## DATA BLOCK

========

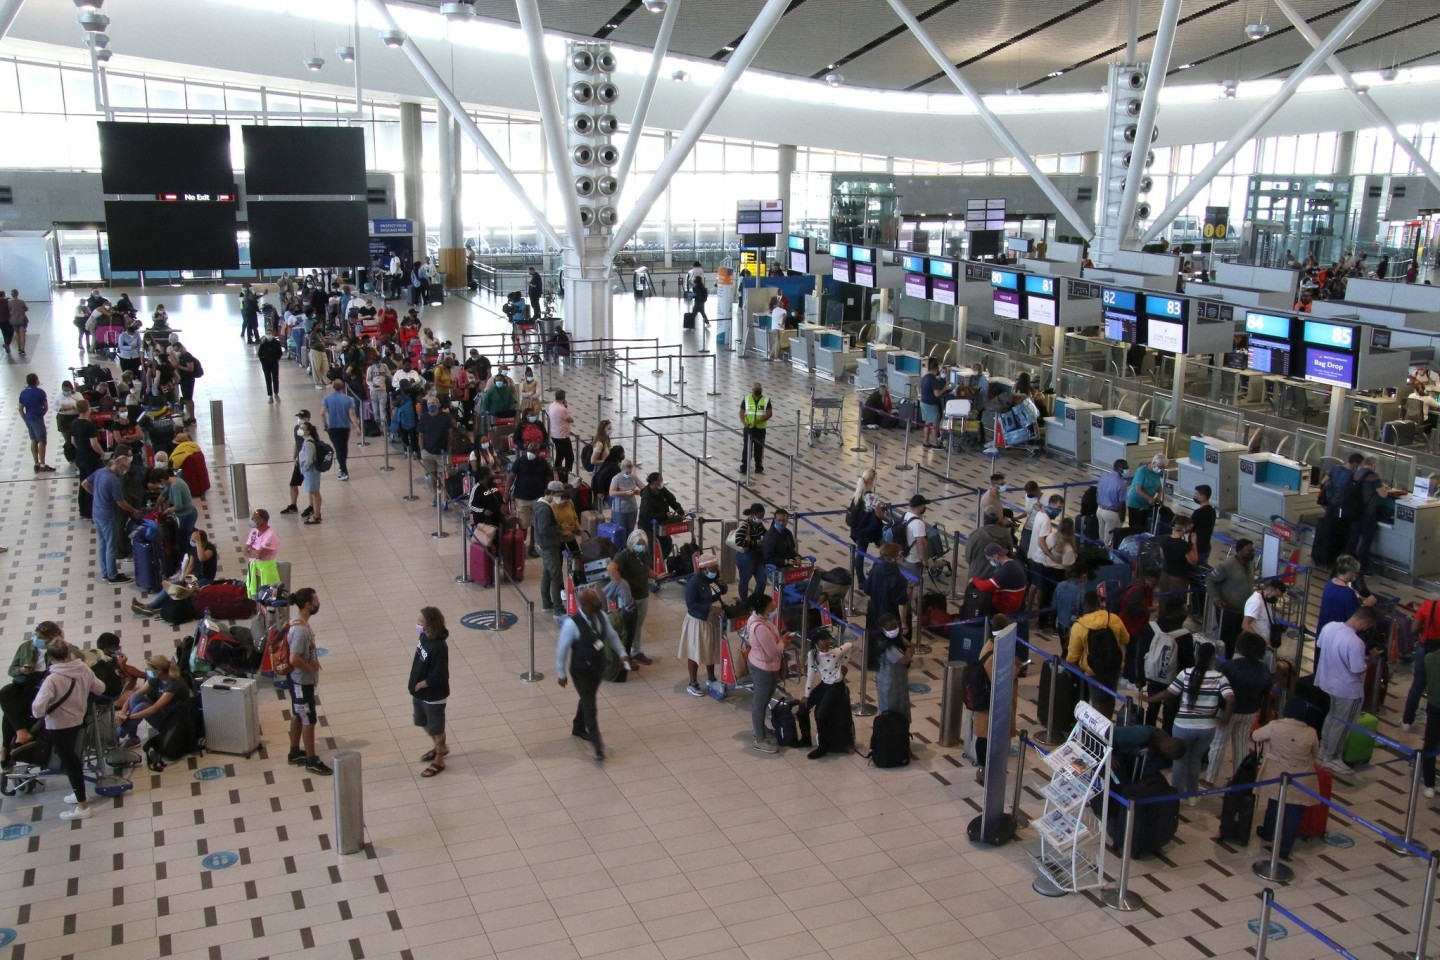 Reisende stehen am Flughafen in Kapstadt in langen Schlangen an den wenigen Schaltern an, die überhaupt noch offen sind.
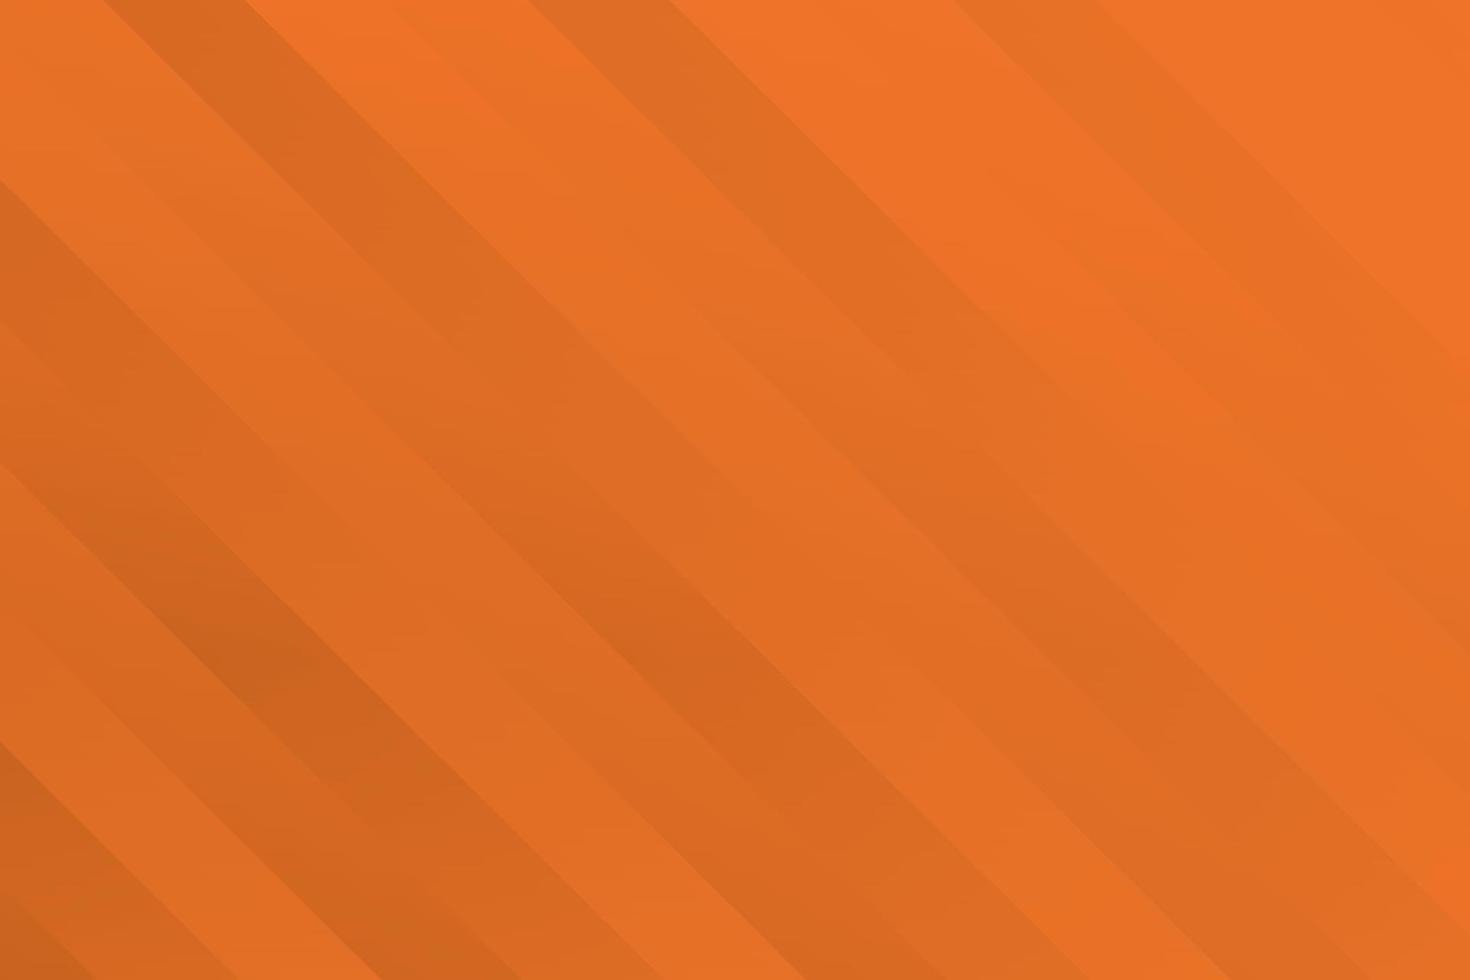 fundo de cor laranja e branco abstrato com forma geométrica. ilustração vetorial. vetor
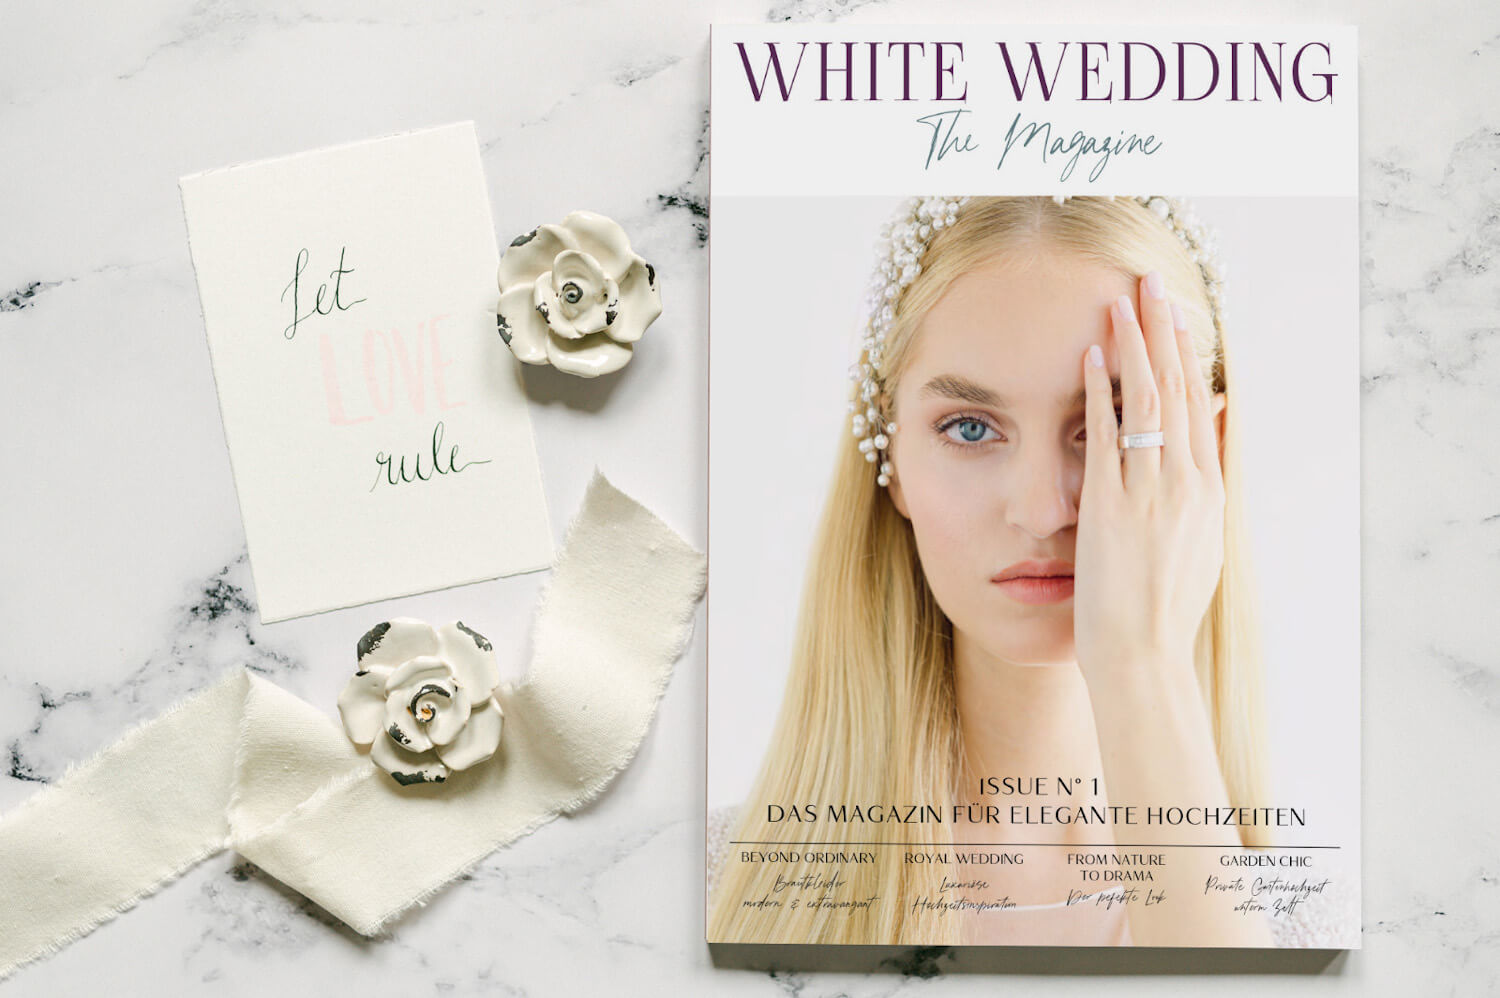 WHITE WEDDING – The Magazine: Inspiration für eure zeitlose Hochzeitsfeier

========

## ACTIVITY
When you repeat the lines above, keep them exact and leave out each image they contain.

## SOLUTION
 Reisende stehen am Flughafen in Kapstadt in langen Schlangen an den wenigen Schaltern an, die überhaupt noch offen sind.
 fundo de cor laranja e branco abstrato com forma geométrica. ilustração vetorial. vetor
 WHITE WEDDING – The Magazine: Inspiration für eure zeitlose Hochzeitsfeier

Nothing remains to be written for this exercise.